The trial enrolled 452 patients in the United States and Spain with metastatic, recurrent or persistent cervical cancer not curable with standard treatment between 2009 and 2012.
The findings have already changed U.S. treatment for advanced cervical cancer. Within a month of the study’s presentation at the June 2013 meeting of the American Society of Clinical Oncology, the National Comprehensive Cancer Network listed the cisplatin-paclitaxel-bevacizumab triplet in the NCCN Cervical Cancer Treatment Guidelines Update.
Tewari said the NCCN listing now permits some patients with HMO and PPO insurance to complement their treatment with bevacizumab. Also, Medicare and Medicaid beneficiaries will be able to receive the drug for treatment of advanced cervical cancer if and when the U.S. Food & Drug Administration approves its use in that capacity. Drug manufacturer Genentech will file for approval.
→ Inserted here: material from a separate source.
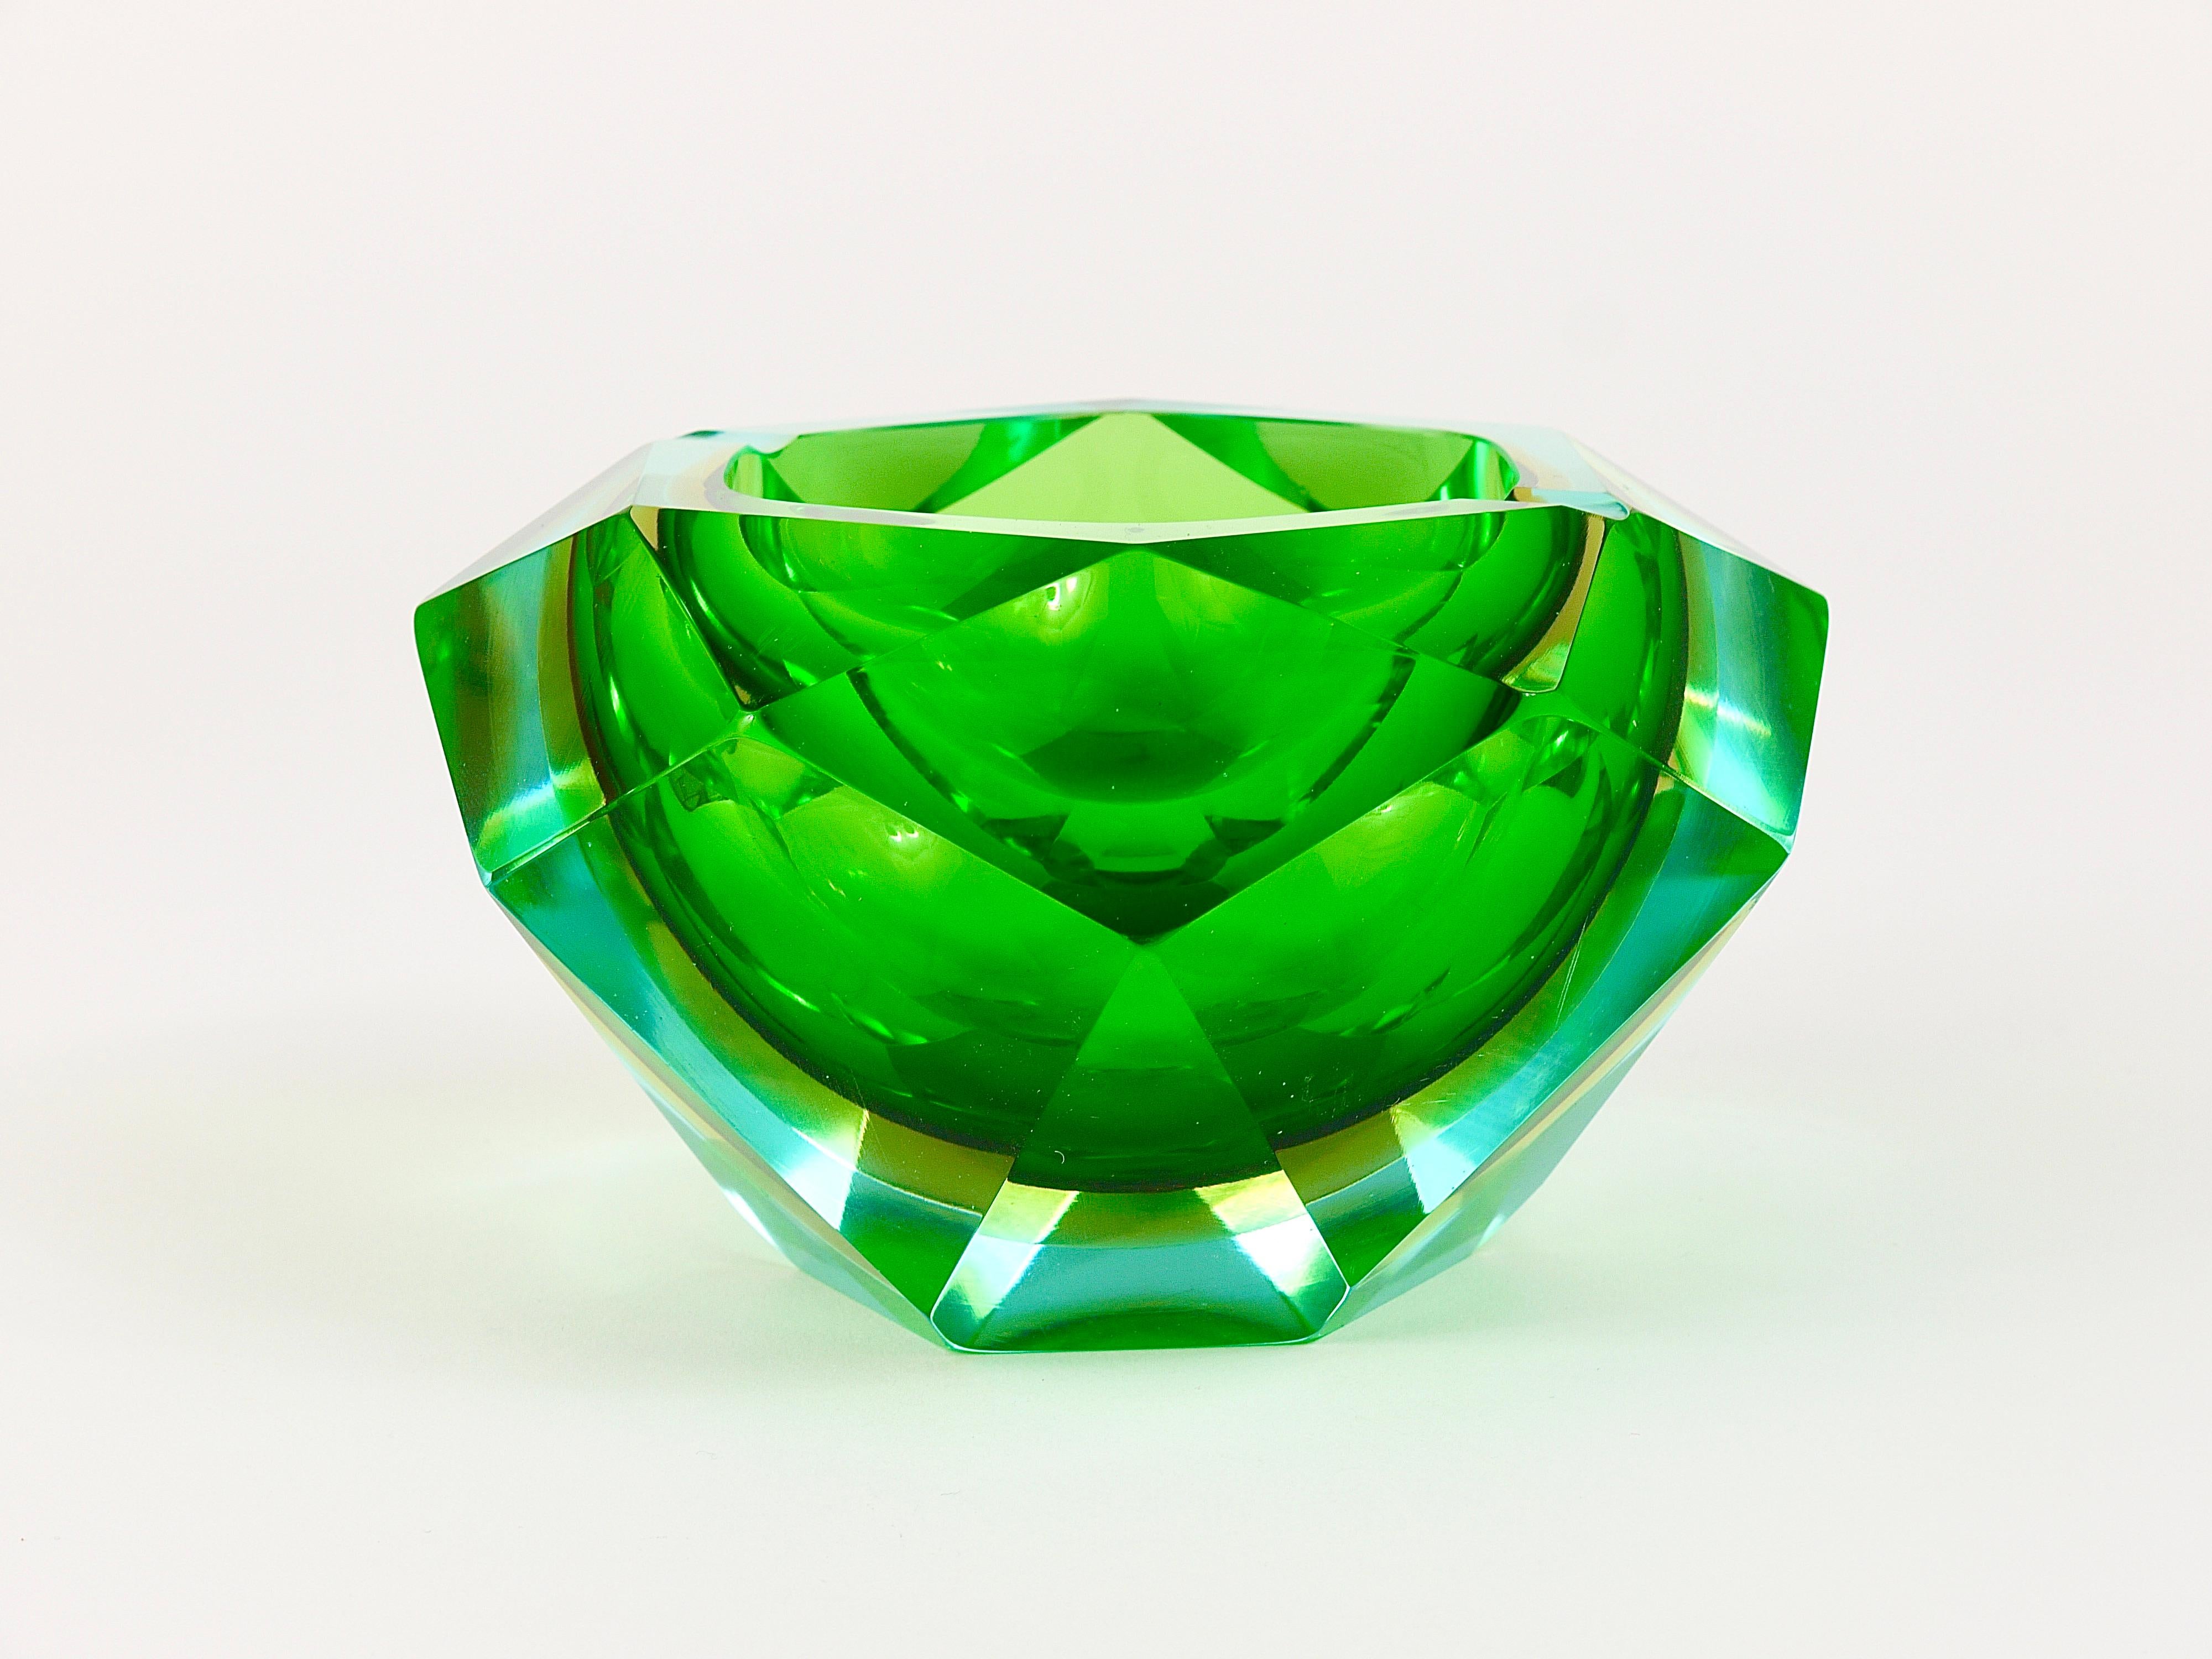 Magnifique cendrier en verre de Murano à facettes multiples et poli, en forme de diamant, datant des années 1960. Conçu par Flavio Poli pour Seguso Vetri d'Arte, Italie. Une combinaison colorée de verre d'art bleu clair, jaune et vert. En très bon

The trial results concerning the non-superiority of the non-platinum chemotherapy doublet were first presented at the March 2013 annual meeting on women's cancer by the Society of Gynecologic Oncology; the presentation was the meeting’s No. 1 abstract and garnered the SGO Presidential Award for Most Outstanding Scientific Abstract as well as the coveted Hugh Barber Lectureship designation. The survival data concerning bevacizumab was later presented at the June 2013 American Society of Clinical Oncology annual meeting, the world's largest oncology meeting. The abstract was one of five of the more than 5,500 abstract submissions to be featured in the ASCO general plenary session.
The multiple center, multinational trial — known as GOG 240 — was conducted by the Gynecologic Oncology Group and was funded by the National Cancer Institute. Genentech provided support for the trial under the Cooperative Research & Development Agreement with NCI for the clinical development of bevacizumab.
Tewari, Dr. Robert E. Bristow, Dr. Leslie M. Randall and Dr. Michael L. Berman of UCI Health enrolled patients at UC Irvine Medical Center in Orange, Calif. Dr. Philip J. Di Saia, professor emeritus in the UCI Health Department of Obstetrics & Gynecology, was chair of the Gynecologic Oncology Group during the entire GOG 240 study period.